Epigenetics

Dynamics of replication-independent histone turnover in budding yeast. Dion, M. F. et al. Science 315, 1405–1408 (2007)

Histone replacement marks the boundaries of cis -regulatory domains. Mito, Y., Henikoff, J. G. & Henikoff, S. Science 315, 1408–1411 (2007)

Characterizing the dynamics of chromatin remodelling is crucial to understand chromatin function. Two teams measured the levels of histone turnover, at high resolution, in budding yeast and fruitflies and found a huge variation in histone-replacement rate across the genomes of both organisms. Histone turnover is higher at promoters, rather than in coding regions, where it could transiently expose DNA cis-regulatory elements to other diffusible factors, providing the potential for a rapid and dynamic regulation. Rapid histone turnover was also found at chromatin boundaries, where it could serve to prevent the spreading of chromatin states and functionally delimit different domains.

Technology

Targeted gene addition into a specified location in the human genome using designed zinc finger nucleases. Moehle, E. A. et al. Proc. Natl Acad. Sci. USA 104, 3055–3060 (2007)

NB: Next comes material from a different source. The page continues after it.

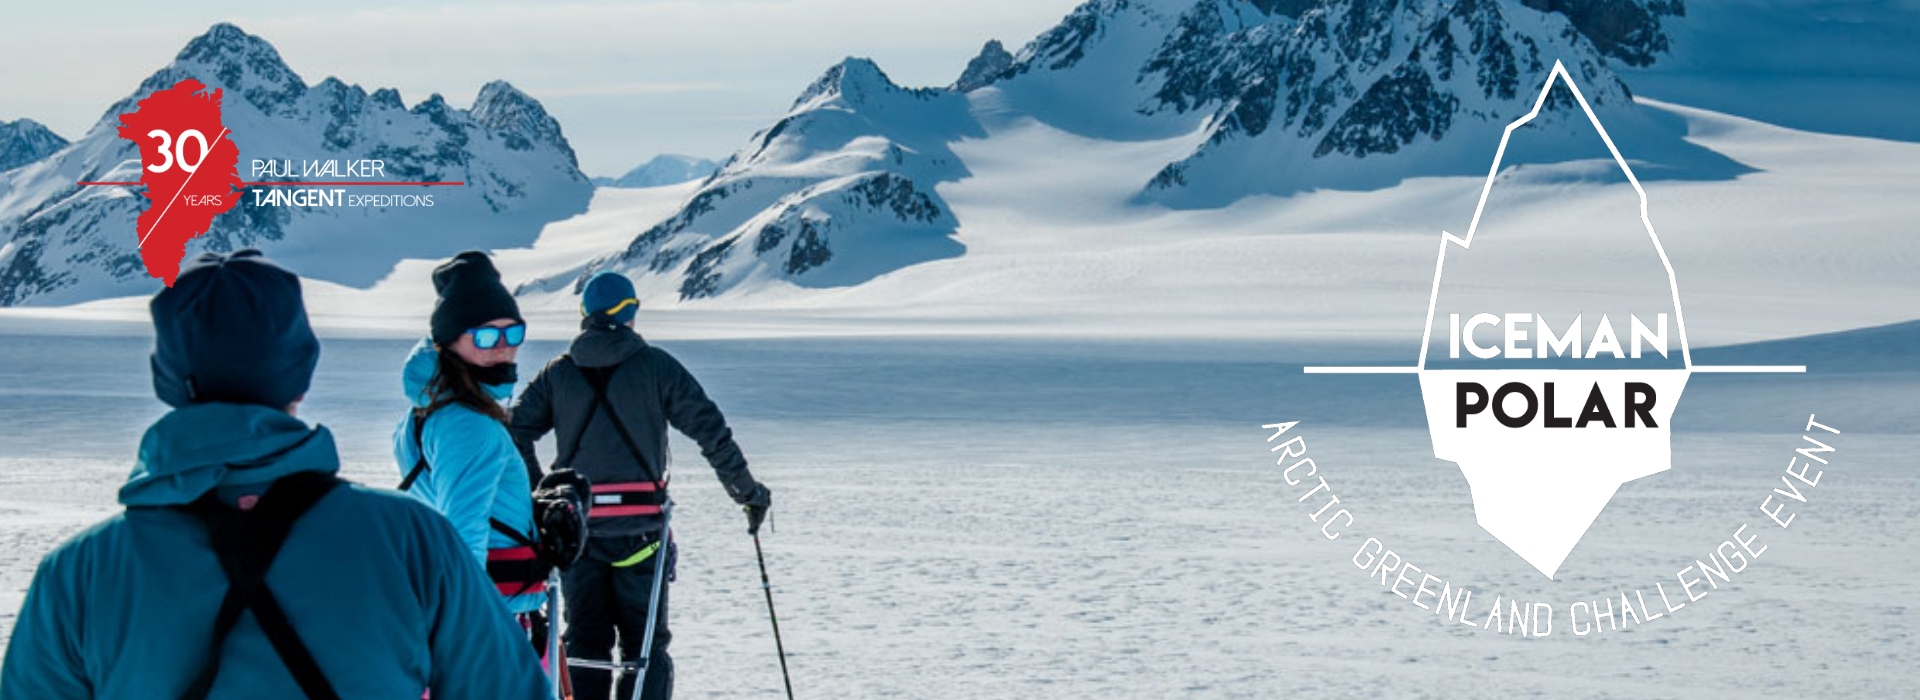 Iceman Polar Challenge

This study presents a new strategy for the insertion of ectopic DNA sequences in specific genomic locations. Enginereed zinc finger nucleases (ZFNs) were used to induce DNA double-strand breaks (DSBs) at specific loci in human cells. The subsequent homology-directed repair of the DSBs was then allowed to occur in the presence of an extrachromosomal DNA donor, which carried the ectopic sequence of interest that was to be inserted flanked by two locus-specific homology arms. ZFNs guaranteed the site-specific integration of DNA fragments — of up to 8 kb — with high frequency, no need for selection and no increase in random integration.

Cancer genetics

A virus causes cancer by inducing massive chromosomal instability through cell fusion. Duelli, D. M. et al. Curr. Biol. 17, 431–437 (2007)

Chromosomal instability (CIN) is a hallmark of many human tumours, and tumours are often associated with viral infection. This work provides a new link between these two observations, showing that viruses can be tumorigenic by inducing cell fusion, which leads to CIN. The authors used the Mason–Pfizer monkey virus to fuse oncogene-expressing human fibroblasts, and showed through karyotype analyses that these hybrid cells were highly aneuploid, had many numerical and structural chromosomal aberrations and were tumorigenic in mice. As many viruses that infect human cells are fusogenic, preventing infection or cell fusion in infected individuals might help to reduce cancer incidence.